- [SOURCE MATERIAL]:
--- START ---

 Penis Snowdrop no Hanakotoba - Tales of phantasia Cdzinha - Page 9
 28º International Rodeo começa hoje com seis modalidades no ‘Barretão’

--- END ---
--- START ---

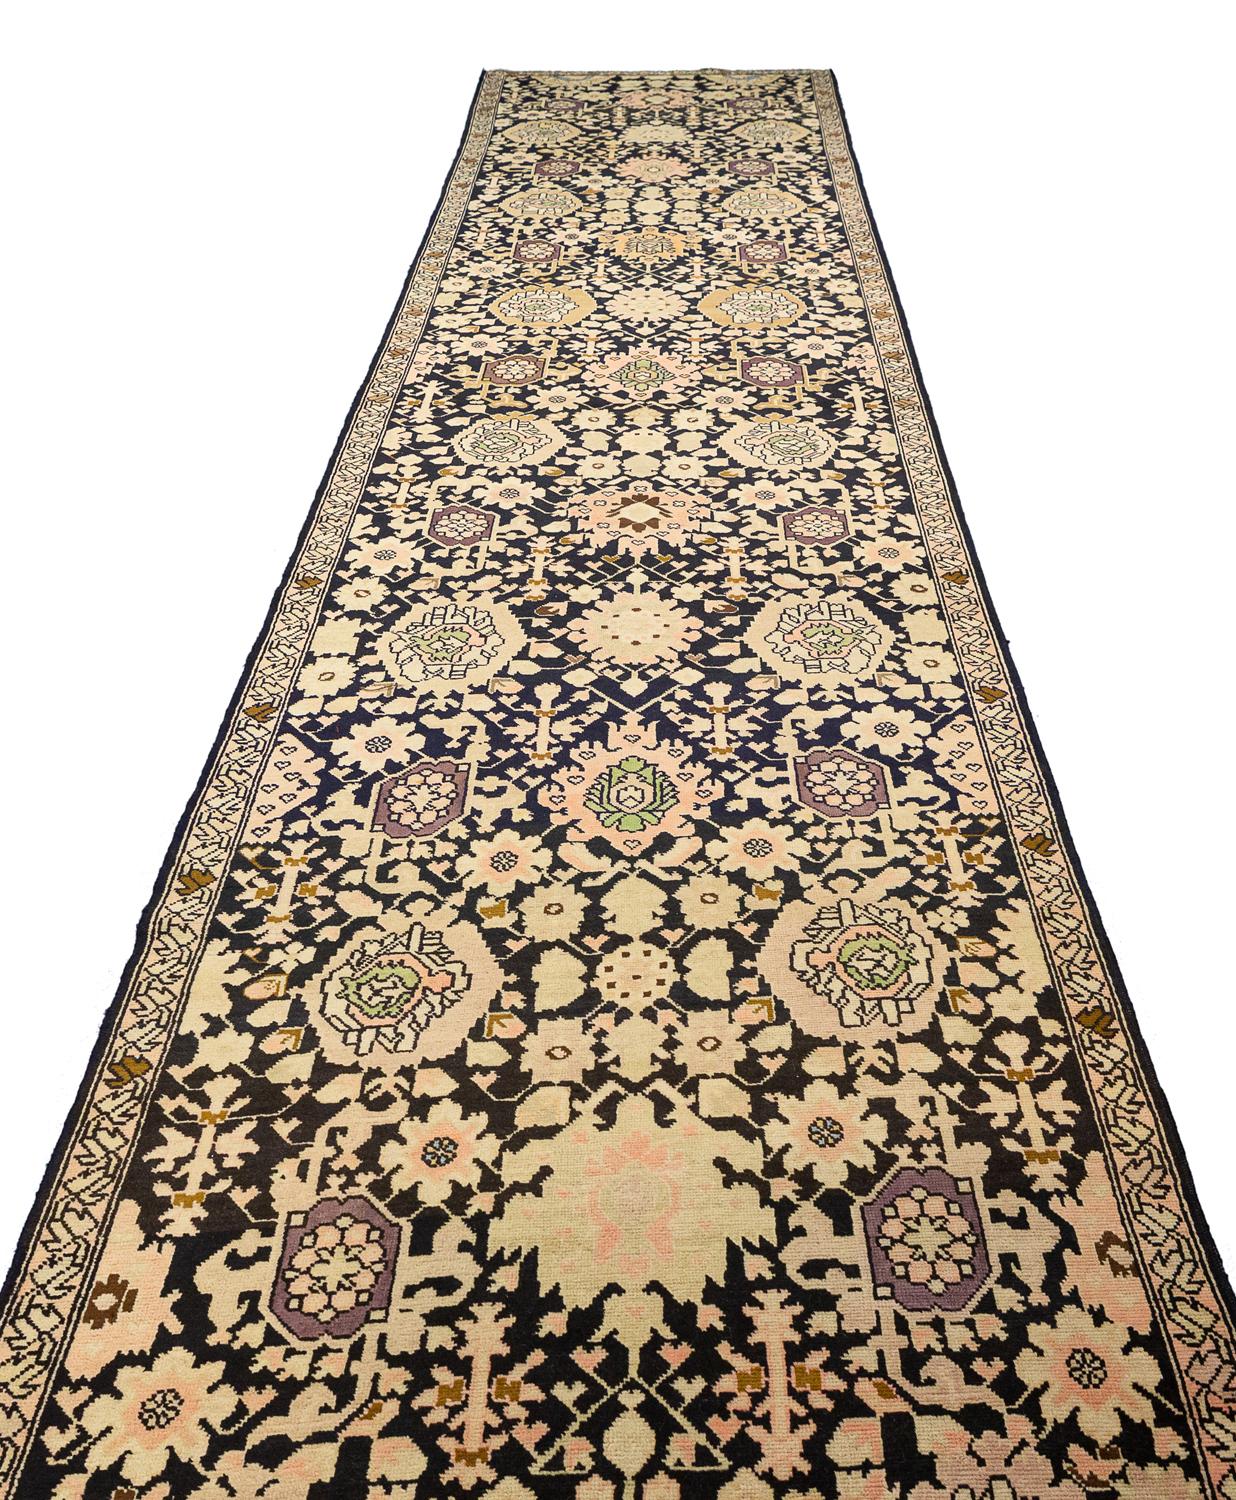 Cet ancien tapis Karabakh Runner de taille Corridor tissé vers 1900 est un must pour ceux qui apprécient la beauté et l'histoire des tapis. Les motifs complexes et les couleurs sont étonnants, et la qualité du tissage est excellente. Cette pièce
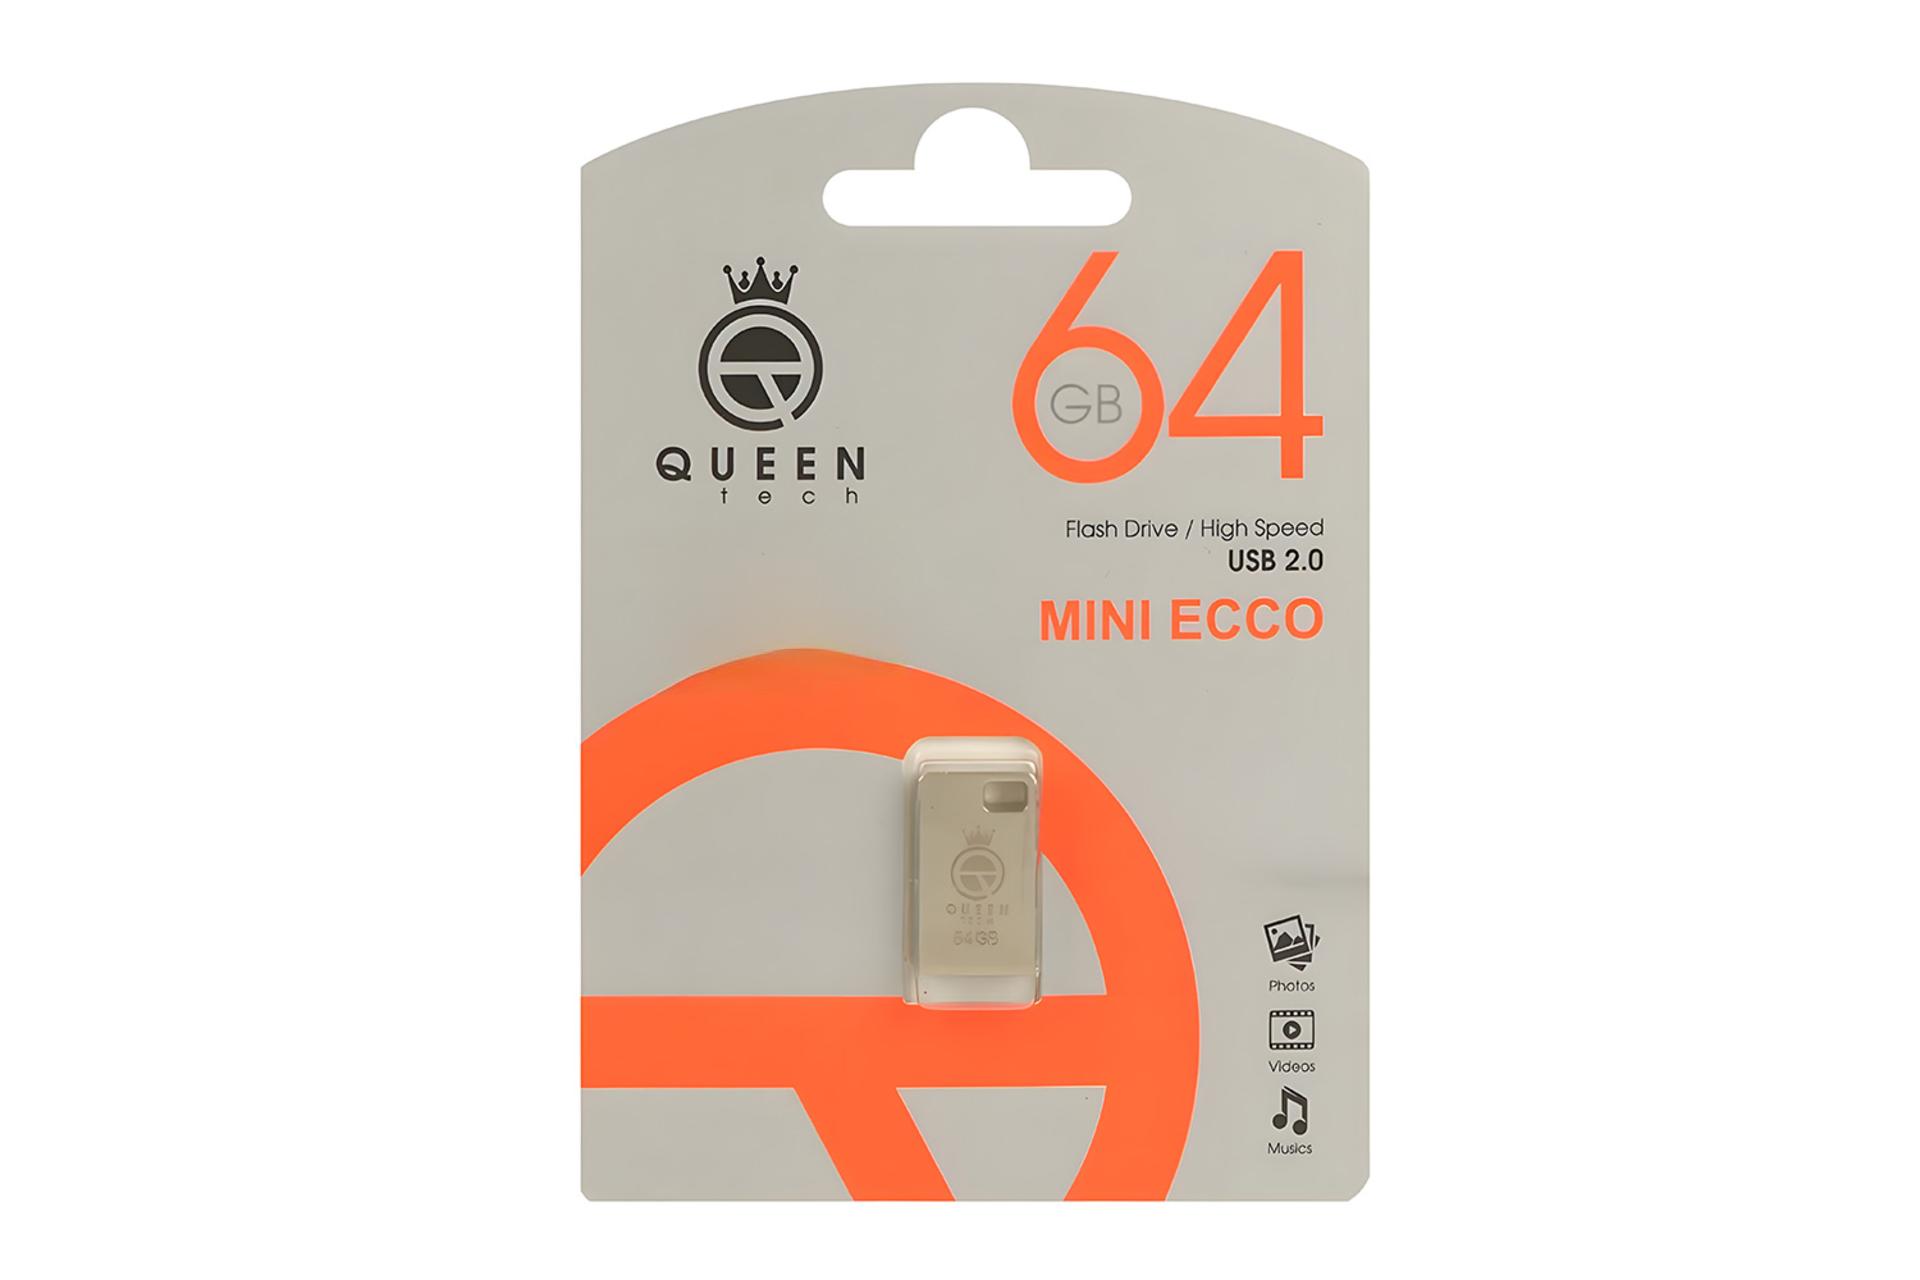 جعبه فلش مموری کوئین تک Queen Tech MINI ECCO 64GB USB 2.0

--- END ---
--- START ---

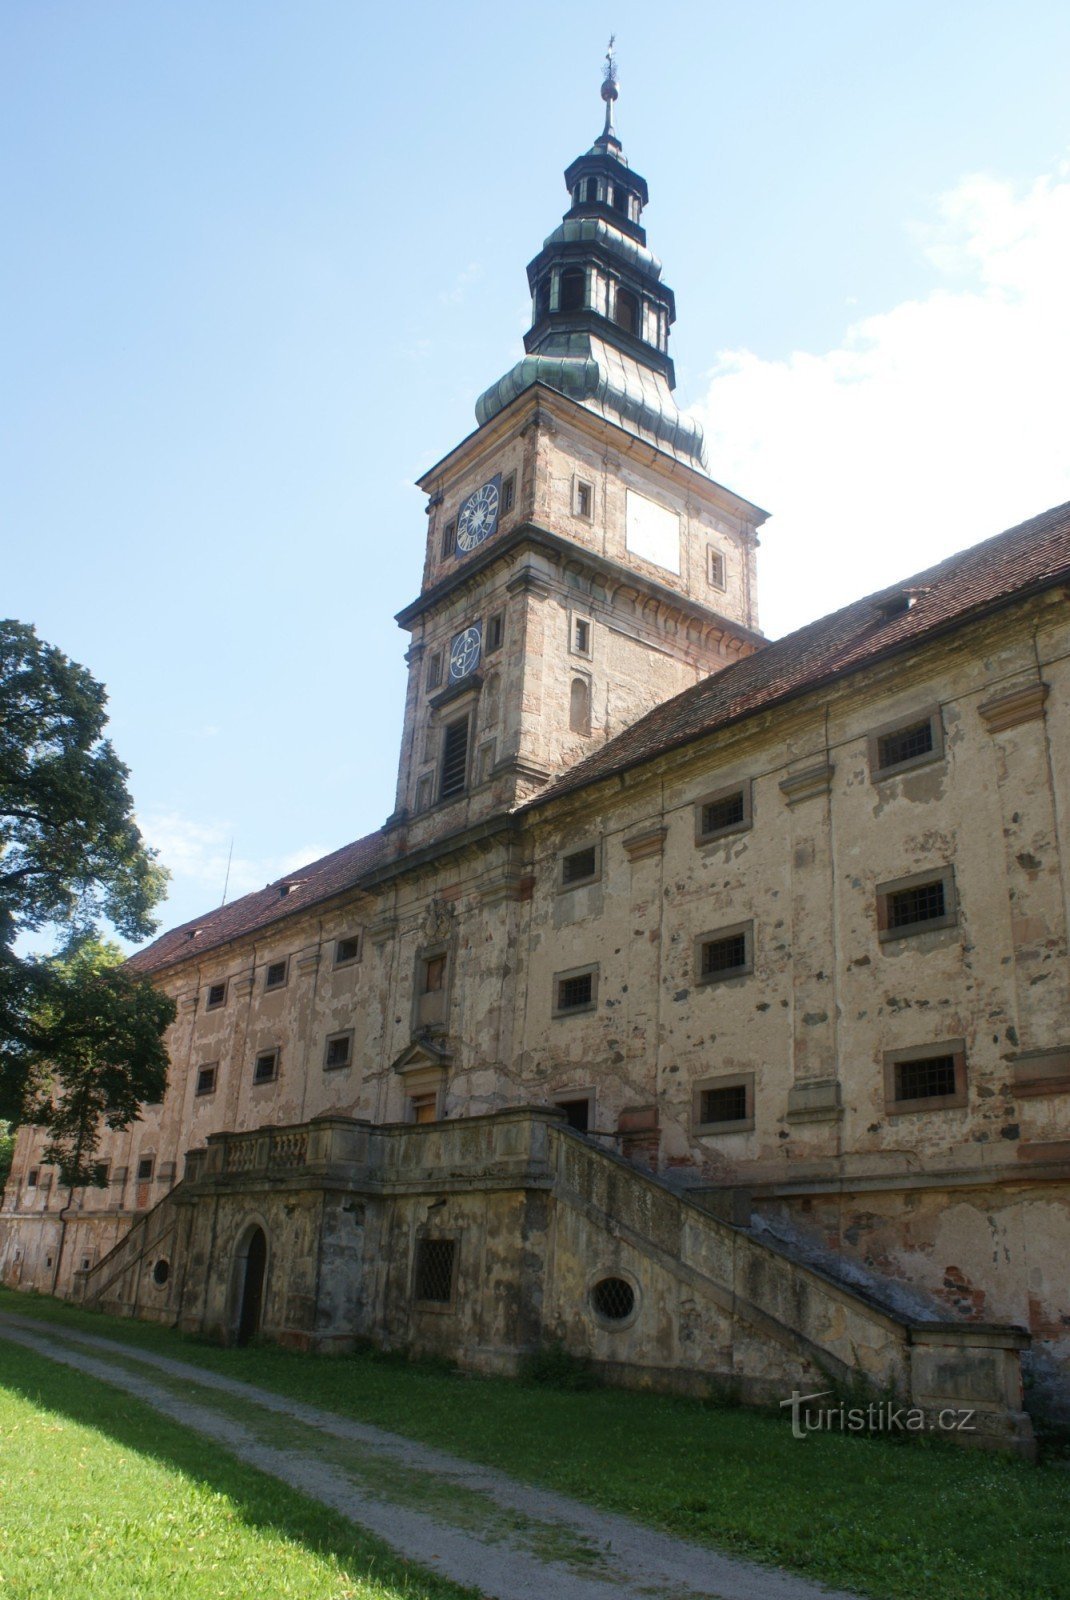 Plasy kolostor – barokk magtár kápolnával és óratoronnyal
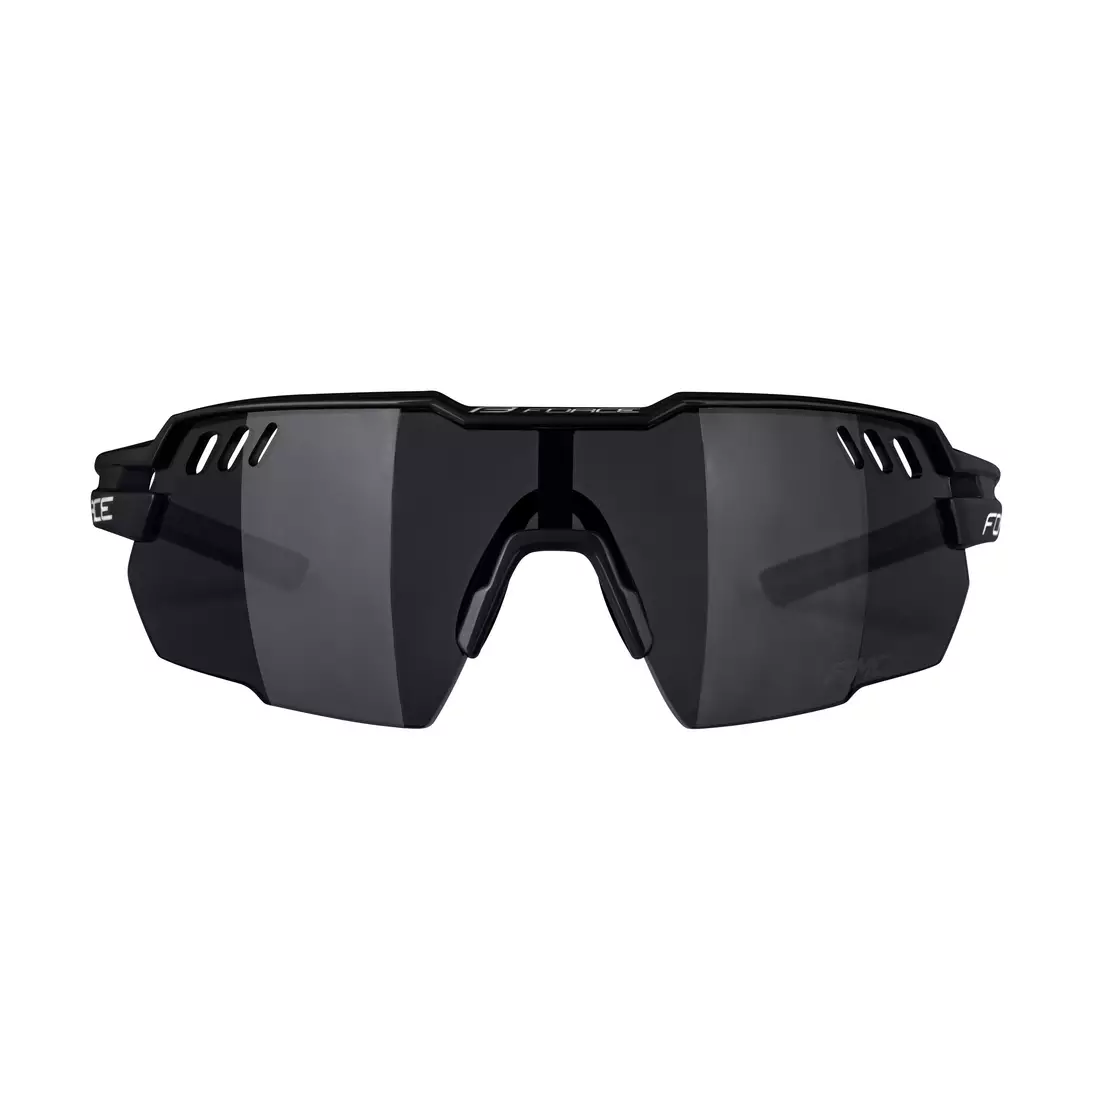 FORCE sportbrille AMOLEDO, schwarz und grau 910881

--- END ---

- [YOUR INSTRUCTIONS]: Set down only the lines above that fall between the line holding "Penis Snowdrop no" and the line holding "28º International Rodeo", inclusive, keeping each exact.

- [RESPONSE]:
 Penis Snowdrop no Hanakotoba - Tales of phantasia Cdzinha - Page 9
 28º International Rodeo começa hoje com seis modalidades no ‘Barretão’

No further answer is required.